WASTE2FUELS (2016–2018) focused specifically on sustainable production of next-generation biofuels from waste, where TOMSA DESTIL received the larger of their two grants (EUR 263,125).
TOMSA DESTIL SL
Spanish industrial distillation company converting agricultural waste and co-products into biofuels, biofertilisers, and biocompounds.
Their core work
TOMSA DESTIL SL is a Spanish private company based in Madrid whose name strongly suggests a background in distillation and fermentation processes — capabilities that align directly with their participation in projects converting waste streams into biofuels and agricultural co-products into bio-based materials. In EU research, they contribute industrial processing expertise to biorefinery consortia, specifically around the transformation of agricultural residues into bioenergy carriers, biofertilisers, and biocompounds. Their involvement in both a waste-to-biofuel project and an agricultural circular economy project suggests they serve as an industrial process partner — bringing real-world production know-how that academic and research-heavy consortia typically lack. Given their non-SME private company classification and the scale of consortia they joined (40+ partners), they appear to be an established industrial operator rather than a startup or consultancy.
What they specialise in
AgroCycle (2016–2019) addressed the full agricultural value chain — co-products, by-products, and residues — with outputs including biofertilisers, biocompounds, and bioenergy.
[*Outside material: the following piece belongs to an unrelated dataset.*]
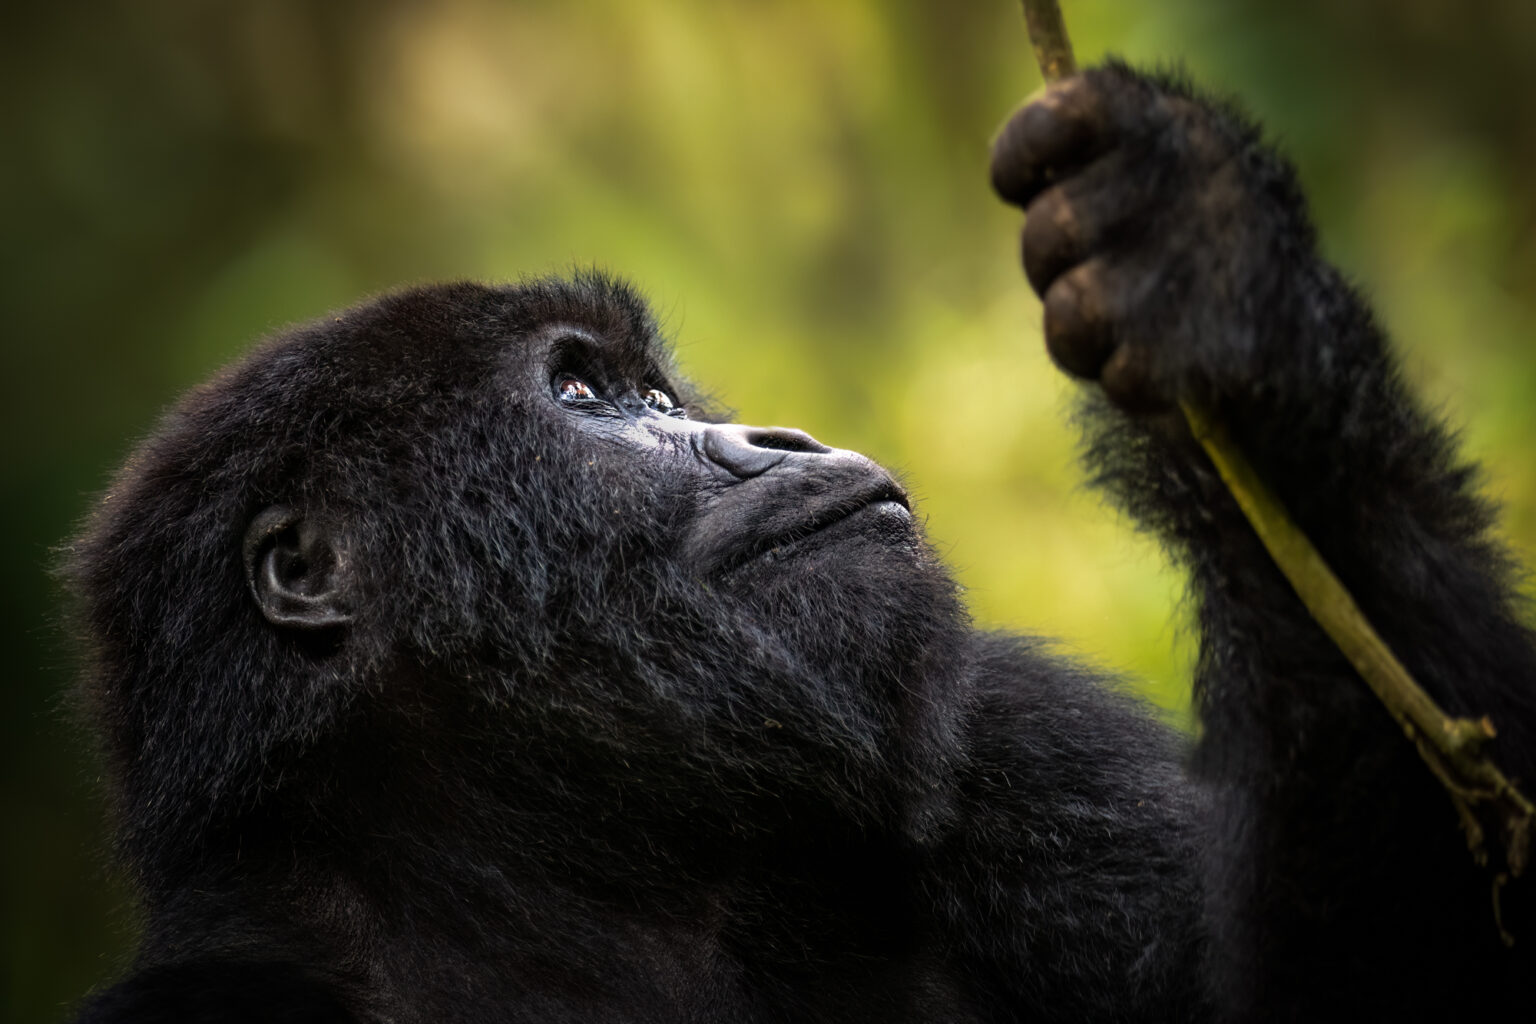 a close up of a gorilla holding a stick.

Both projects address closing material loops in agriculture and food-related industries, covering waste, recycling, and sustainable farming practices.
Inferred from the company name and confirmed by participation in conversion-process projects; the specific technical contribution is not detailed in available CORDIS records.
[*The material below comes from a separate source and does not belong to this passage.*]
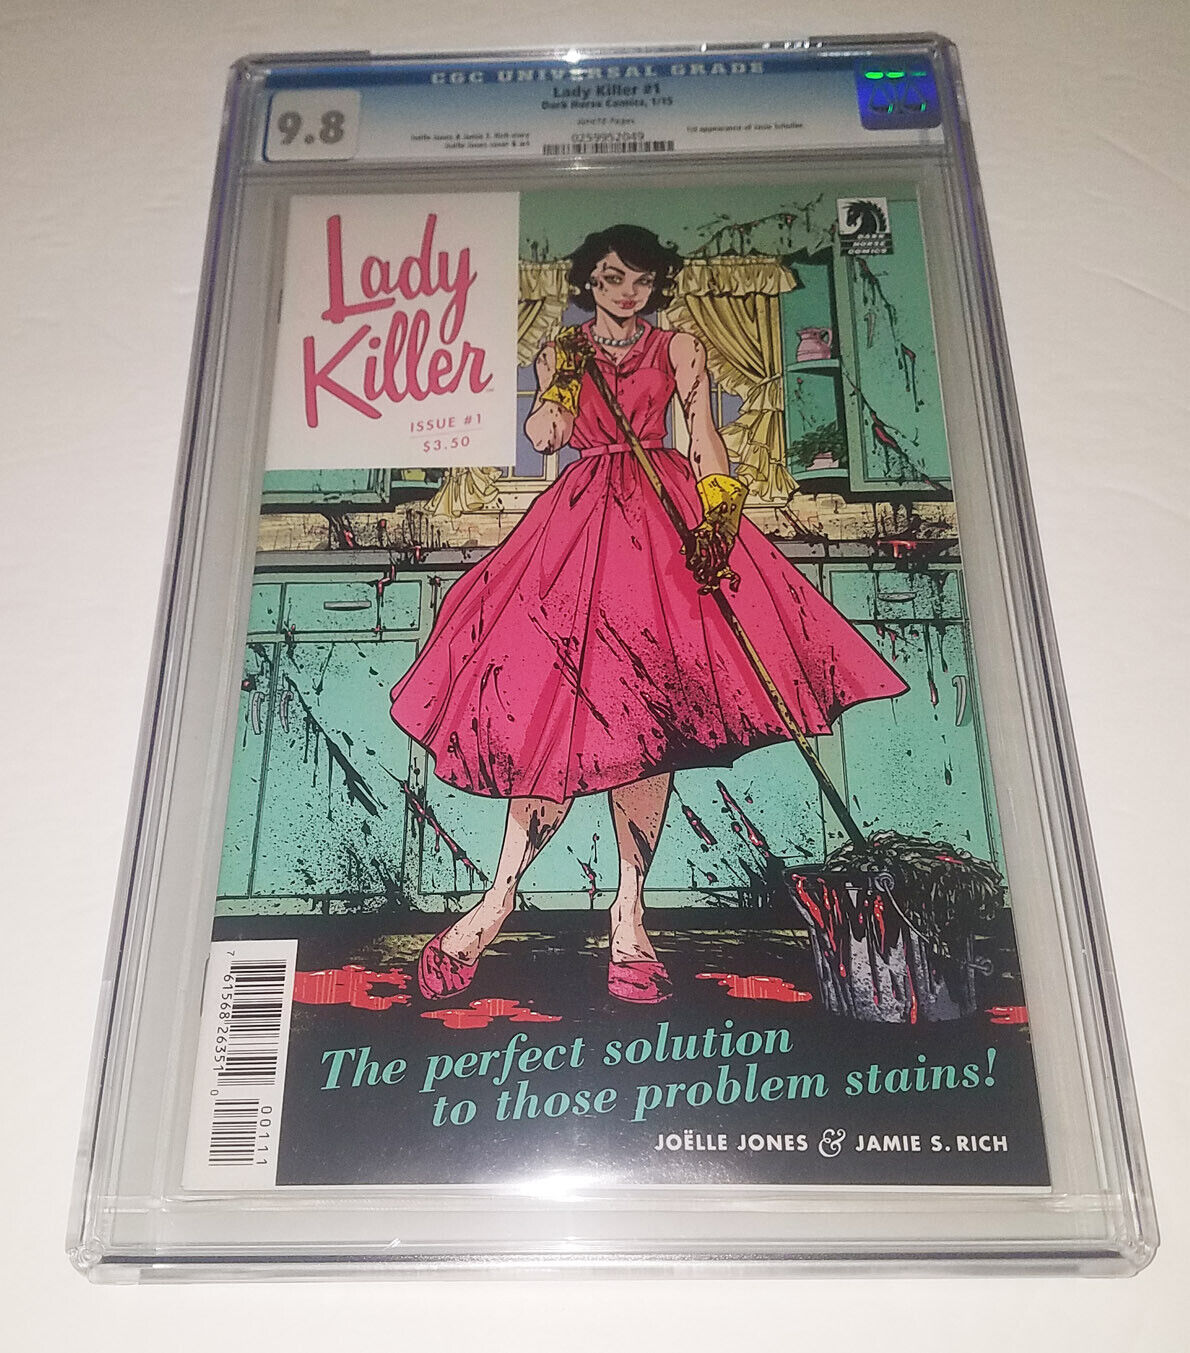 LADY KILLER #1 (2015) First Print / Cover A - Joelle Jones - CGC 9.8

How they've shifted over time
Both H2020 projects began in 2016, so there is no meaningful temporal evolution to trace within their EU research portfolio — the organisation entered H2020 at a single moment and worked across two parallel tracks simultaneously. The keyword record is asymmetric: WASTE2FUELS carries no descriptive keywords in the CORDIS data, while AgroCycle supplies the full vocabulary (recycling, biorefinery, biofertilisers, sustainable farming), making the apparent "shift" an artefact of data completeness rather than a real change in focus. What can be said is that, taken together, the two projects map a coherent and stable position at the intersection of waste processing, bioenergy, and agricultural circularity — with no evidence of expansion into new domains by the end of their H2020 activity.
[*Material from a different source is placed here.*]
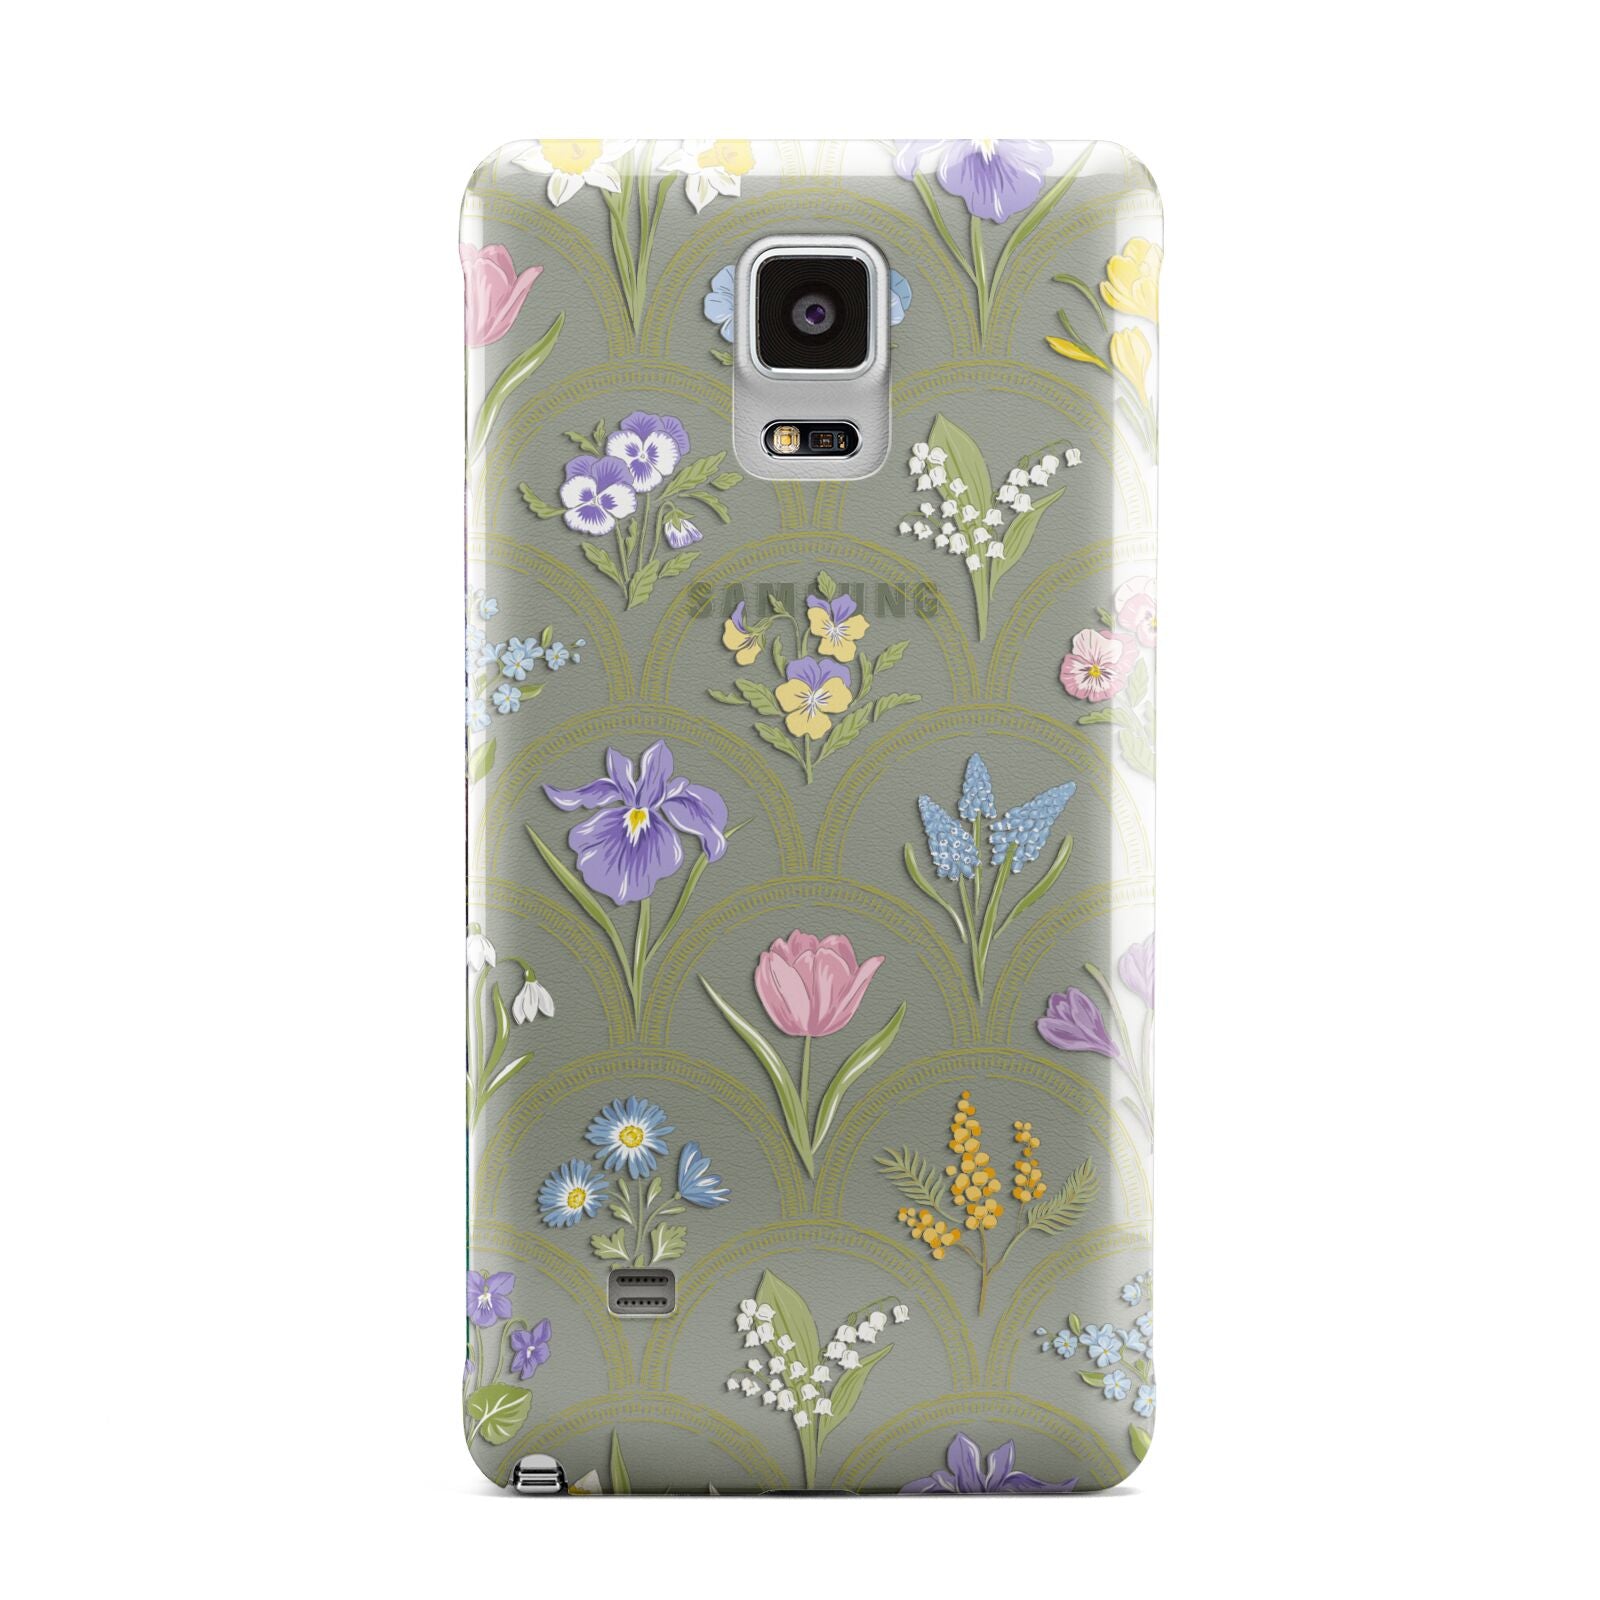 Spring Floral Pattern Samsung Galaxy Note 4 Case

No H2020 projects after 2016 entry suggests either a selective approach to EU funding or a pivot to other revenue channels; any future collaboration should verify whether their R&D engagement continued through Horizon Europe.
How they like to work
TOMSA DESTIL SL has participated exclusively as a consortium partner and has never taken a coordinating role, indicating they prefer to contribute targeted industrial expertise within larger research-led projects rather than manage the full project lifecycle. Both projects placed them inside large RIA consortia (43 unique partners across 13 countries), suggesting they are comfortable operating in complex multi-actor environments where their role is well-scoped and complementary. This profile — specialist industrial contributor in diverse European consortia — makes them a practical choice when a project needs grounded process know-how to balance academic research capacity.
TOMSA DESTIL SL has built connections with 43 unique partner organisations spread across 13 countries through just two projects, pointing to participation in large, geographically diverse RIA consortia rather than repeat collaboration within a tight cluster. No dominant geographic focus is apparent from the available data beyond their Spanish base.
What sets them apart
TOMSA DESTIL SL occupies a relatively rare niche as a non-SME Spanish private company with industrial distillation capabilities that are directly applicable to both biofuel production and agricultural biorefinery — two of the highest-priority areas in EU green transition funding. Unlike university groups or research institutes that dominate these consortia, they bring the industrial process perspective that helps translate research outputs into scalable production. For consortium builders, they represent a credible industry end-user or process technology partner who can ground feasibility claims in real production constraints.
Highlights from their portfolio
- WASTE2FUELSThe higher-funded of the two projects (EUR 263,125) and the one most directly aligned with biofuel production, making it the clearest evidence of TOMSA DESTIL's core industrial capability.
- AgroCycleA broader, longer-running project (2016–2019) covering the full agricultural value chain — co-products, biofertilisers, biocompounds — that provides the richest keyword evidence of the organisation's technical vocabulary and domain reach.